Compared to Nearest Neighbour algorithm, Hill Climbing algorithm worked slower and provided worse solutions. On a graph with 100 cities, the difference in results and execution times became significant. Perhaps, by generating some other random set-up, we may achieve better results for Hill Climbing.

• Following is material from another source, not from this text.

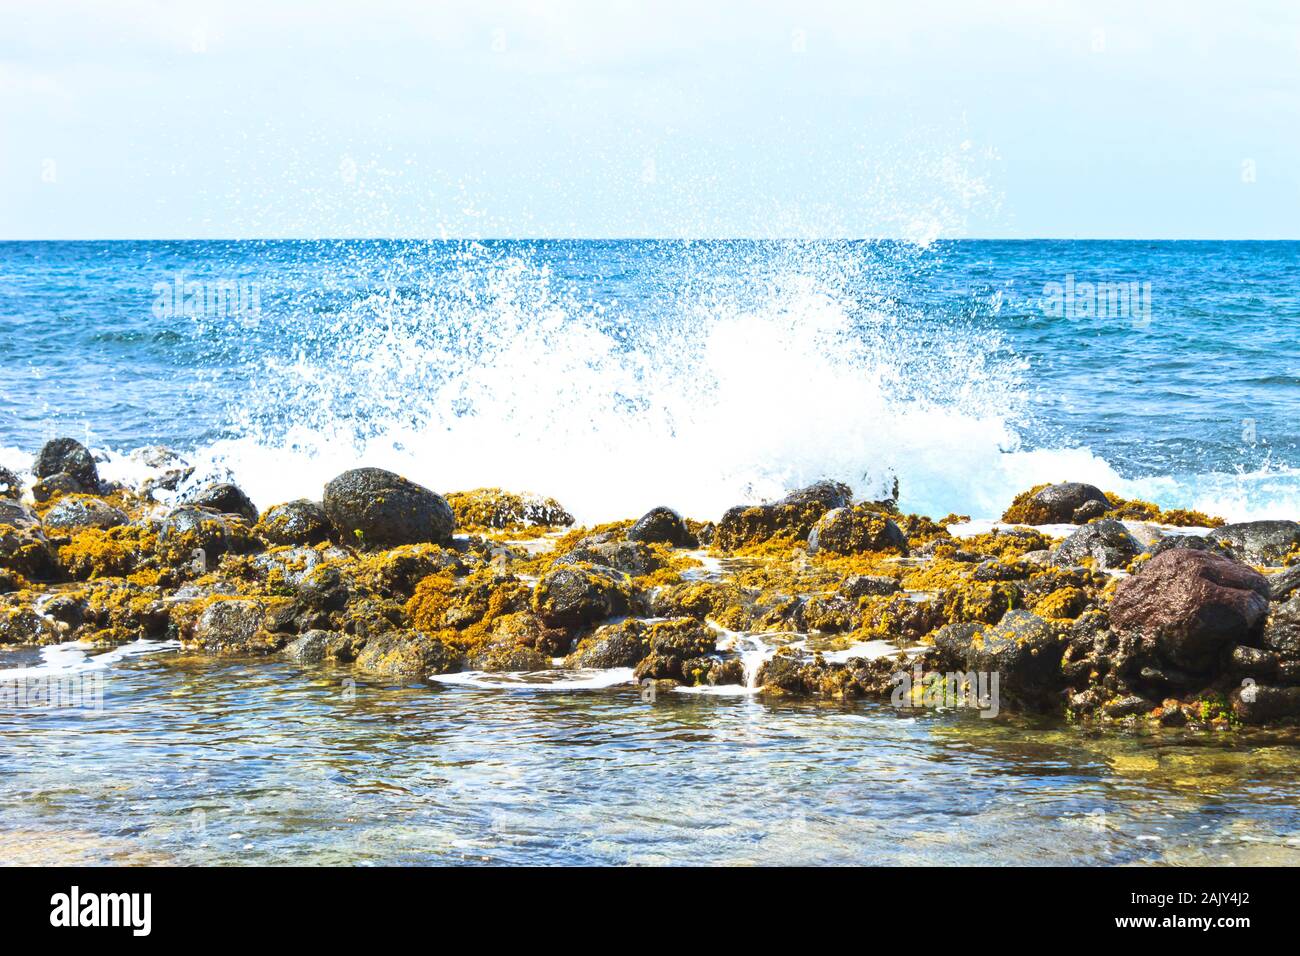 Wellenschürze auf Felsbarriere, die mit verwittertem Meereskraut bedeckt ist Stockfoto
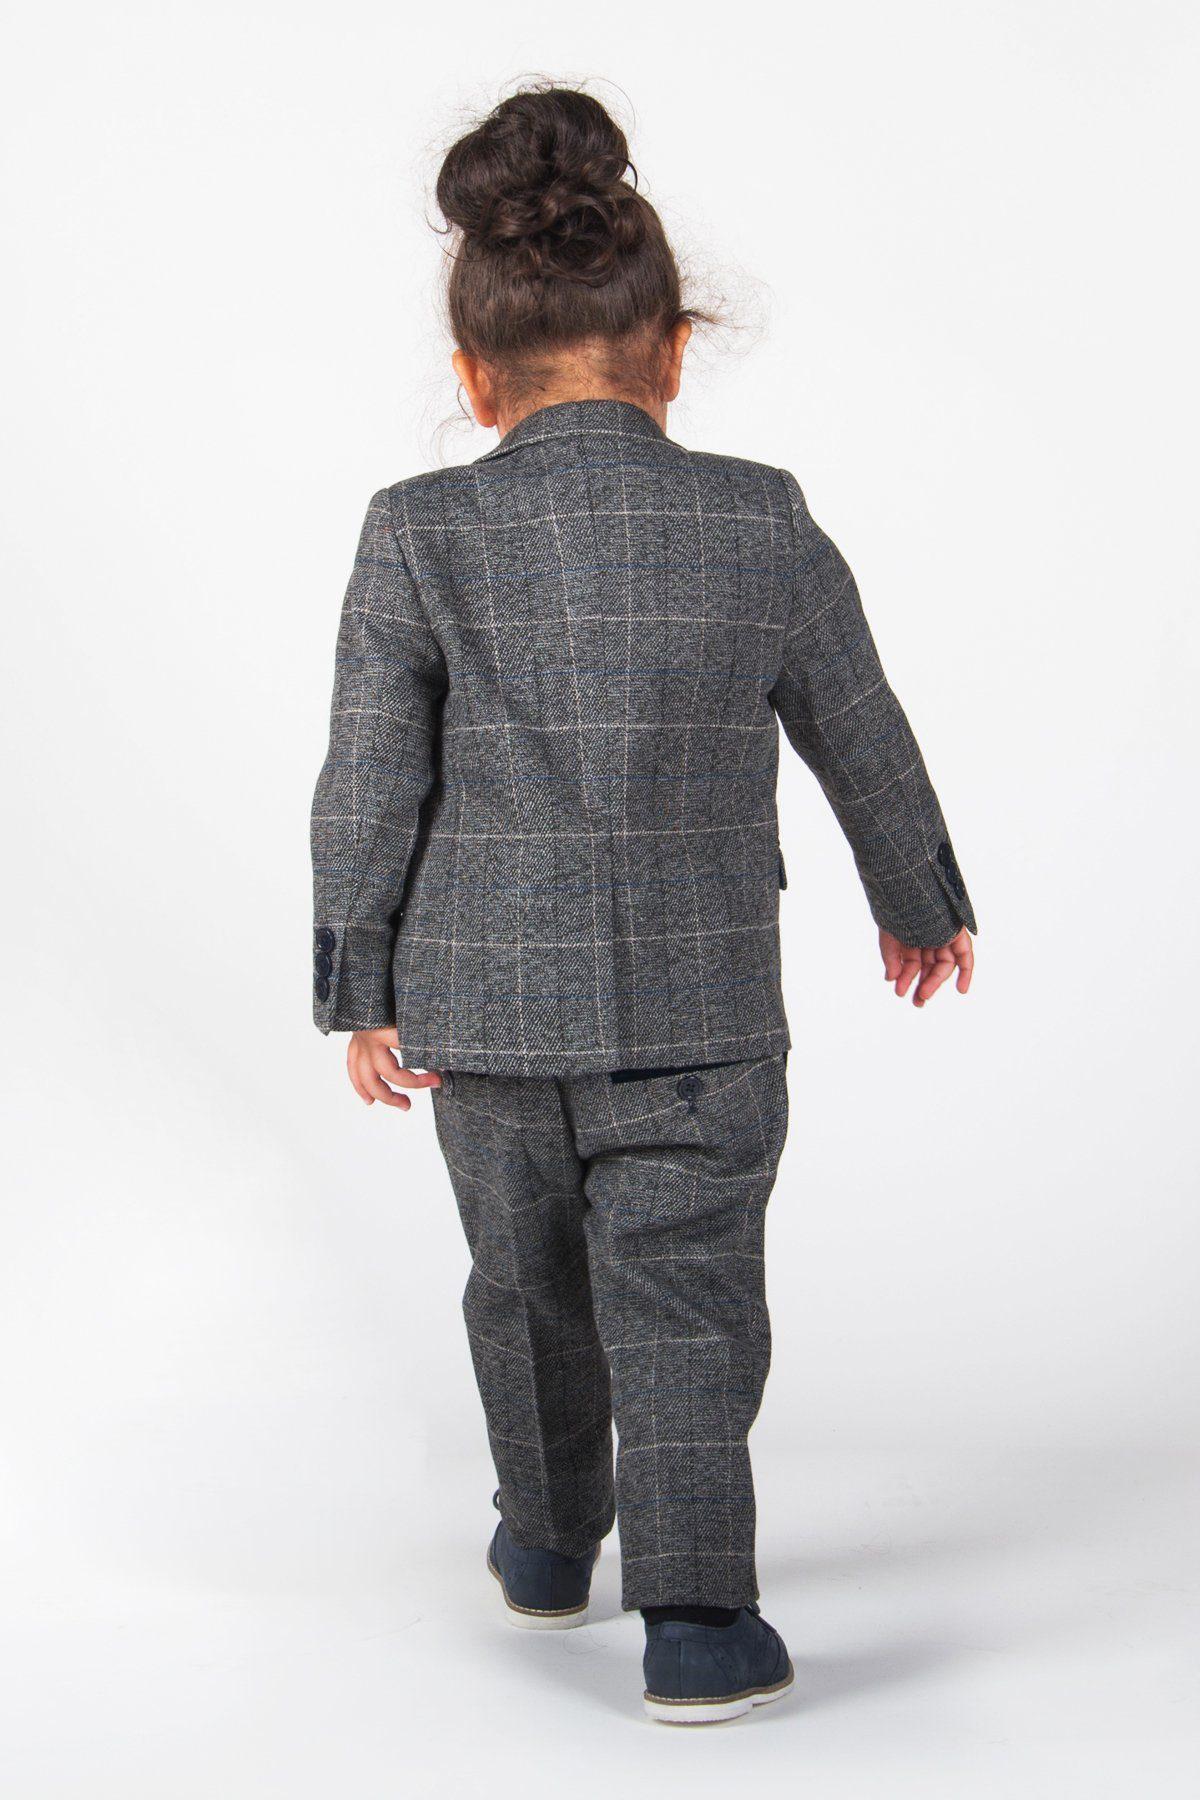 SCOTT - Childrens Grey Check Three Piece Suit

Also, we can modify the strategy of choosing the neighbourhood, this may help us achieve better performance (but there will still be a trade-off between optimality of a solution and execution time).

Let's try to run 100 iterations of Hill Climbing to see how randomization may influence the results.

In [62]:
min_path = None
min_dist = np.inf
times = []
n_iterations = 100

graph = Graph(20)
with open('20.txt', 'r') as file:
    graph.parse(file)

for _ in range(n_iterations):
    start = timer()
    path, dist = hill_climbing_algorithm(graph)
    end = timer()
    times.append(end - start)
    
    if dist < min_dist:
        min_dist = dist
        min_path = path

print(f"Average time running Hill Climbing algorithm on 20 cities: {np.mean(times)} s.")
print(f"Best found solution: {round(min_dist, 3)}.")
print(f"Running time of Nearest Neighbour algorithm: 0.0031053000002430053 s.")
print(f"Best solution of Nearest Neighbour algorithm: 4479.171.")

Average time running Hill Climbing algorithm on 20 cities: 0.027038689000019076 s.
Best found solution: 4113.342.
Running time Nearest Neighbour algorithm: 0.0031053000002430053 s.
Best solution of Nearest Neighbour algorithm: 4479.171.


So, despite much bigger running time, Hill Climbing may return even better result than Nearest Neighbour algorithm.